→ **What is needed**: Print the whole listing below exactly as given, pictures excluded.

→ **Supplied data**:
┄┄┄┄┄┄

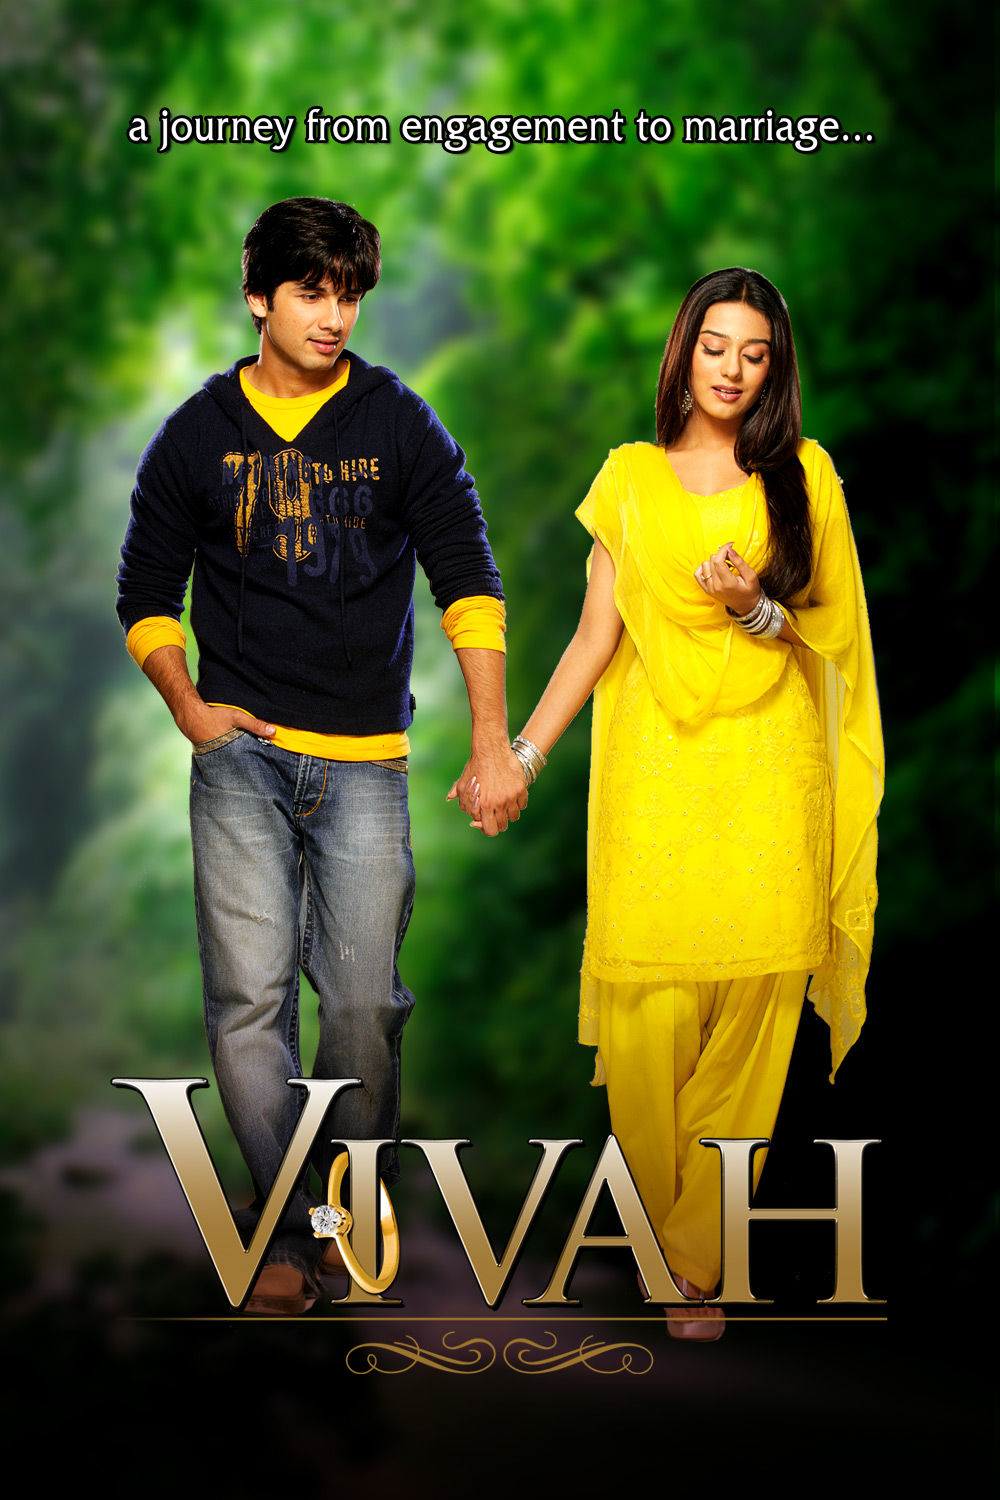 Watch Vivah Online
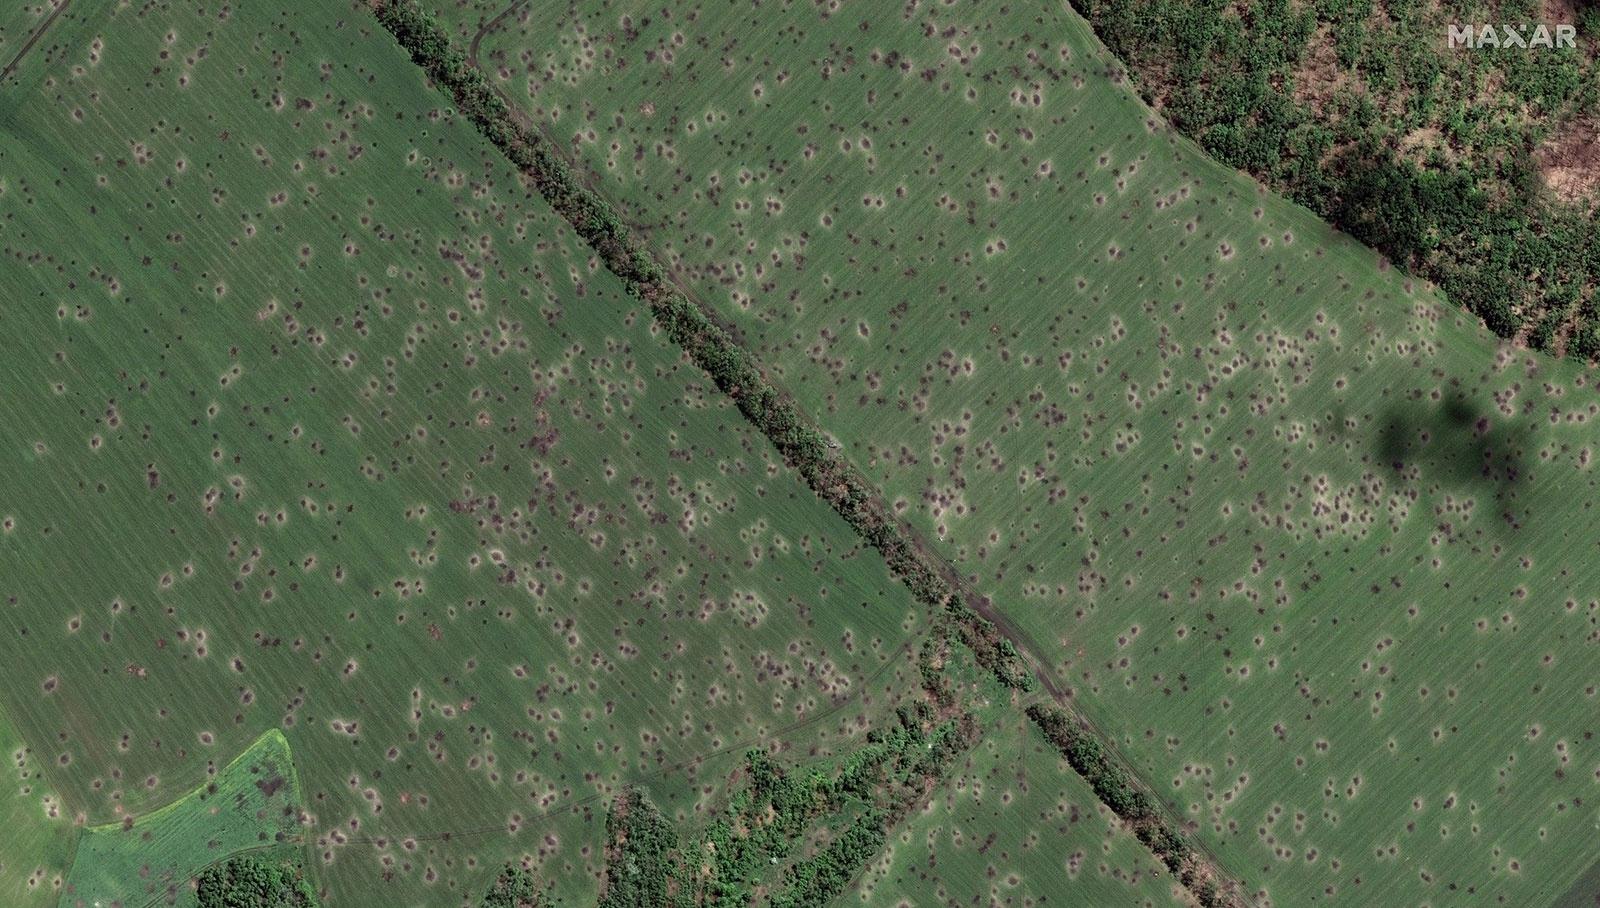 Các đốm chi chít trên một cánh đồng bên ngoài làng Dovhenke là dấu tích của các cuộc pháo kích. Ảnh: Maxar Technologies.
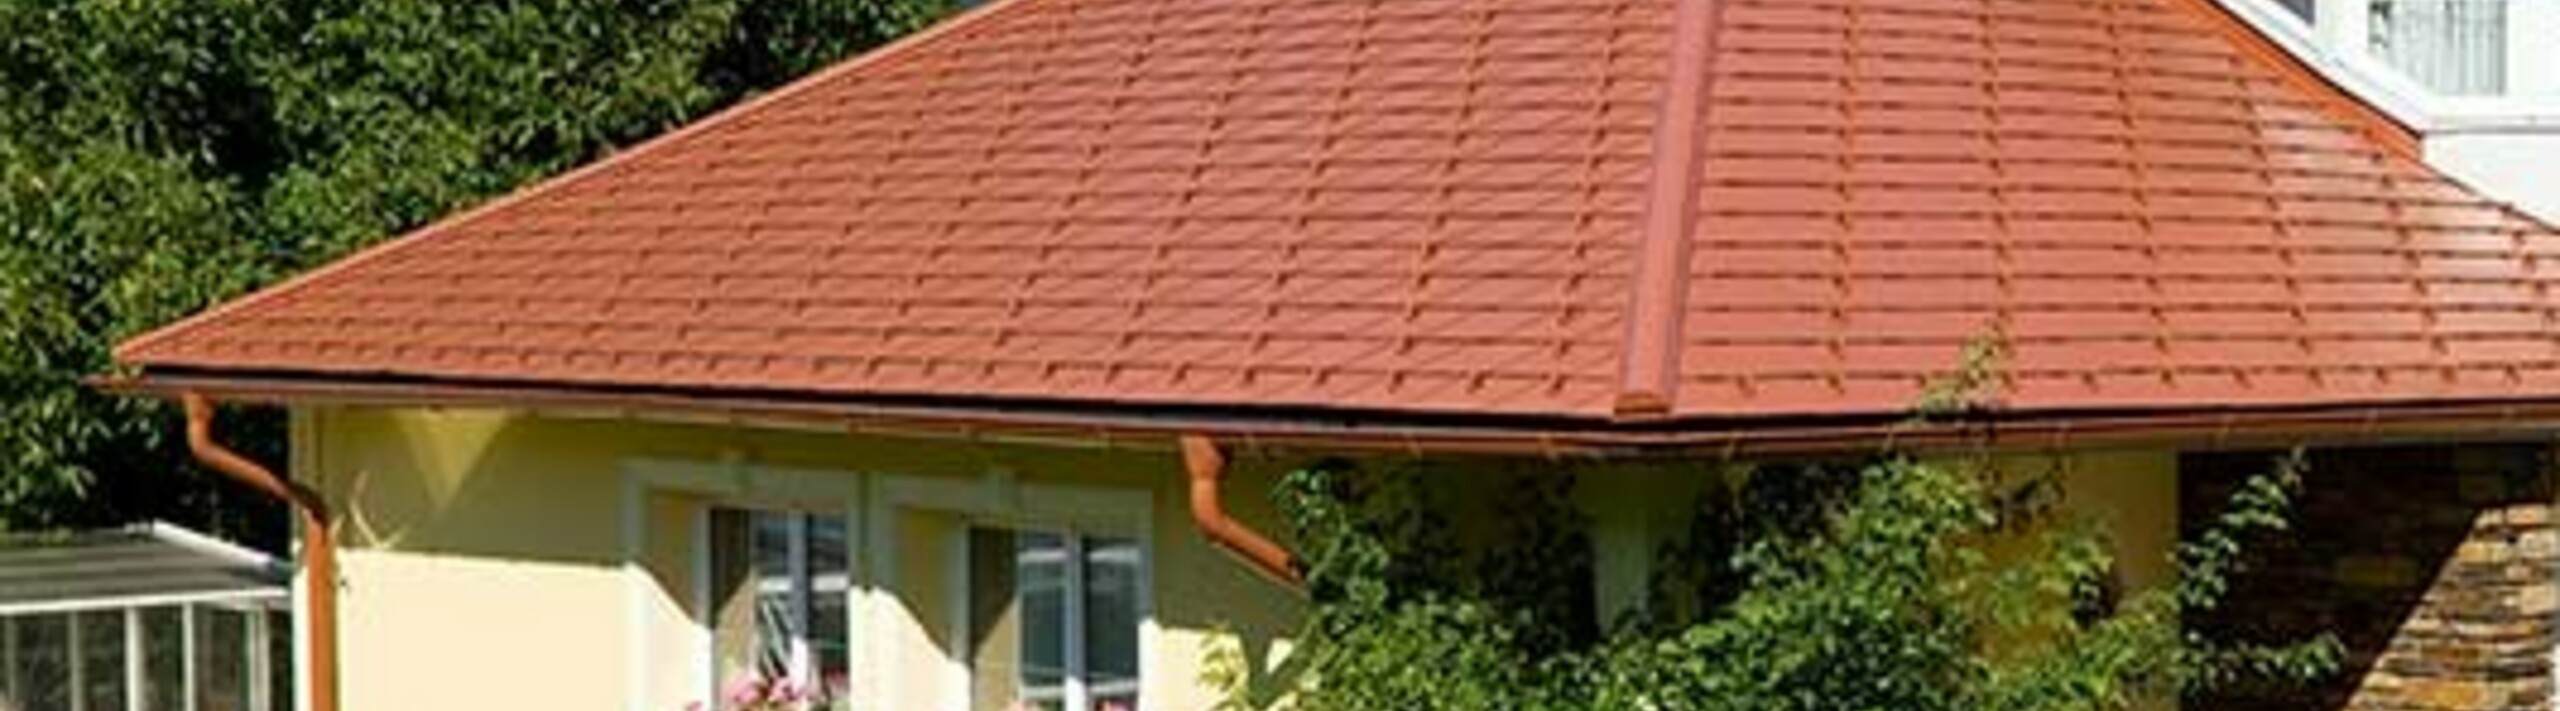 Obiteljska kuća s četverostrešnim krovom i krovnom kućicom pokrivena PREFA aluminijskom šindrom u optici crijepa, ciglasto crvenom.

┄┄┄┄┄┄

→ **Task result**:
 Watch Vivah Online
 Các đốm chi chít trên một cánh đồng bên ngoài làng Dovhenke là dấu tích của các cuộc pháo kích. Ảnh: Maxar Technologies.
 Obiteljska kuća s četverostrešnim krovom i krovnom kućicom pokrivena PREFA aluminijskom šindrom u optici crijepa, ciglasto crvenom.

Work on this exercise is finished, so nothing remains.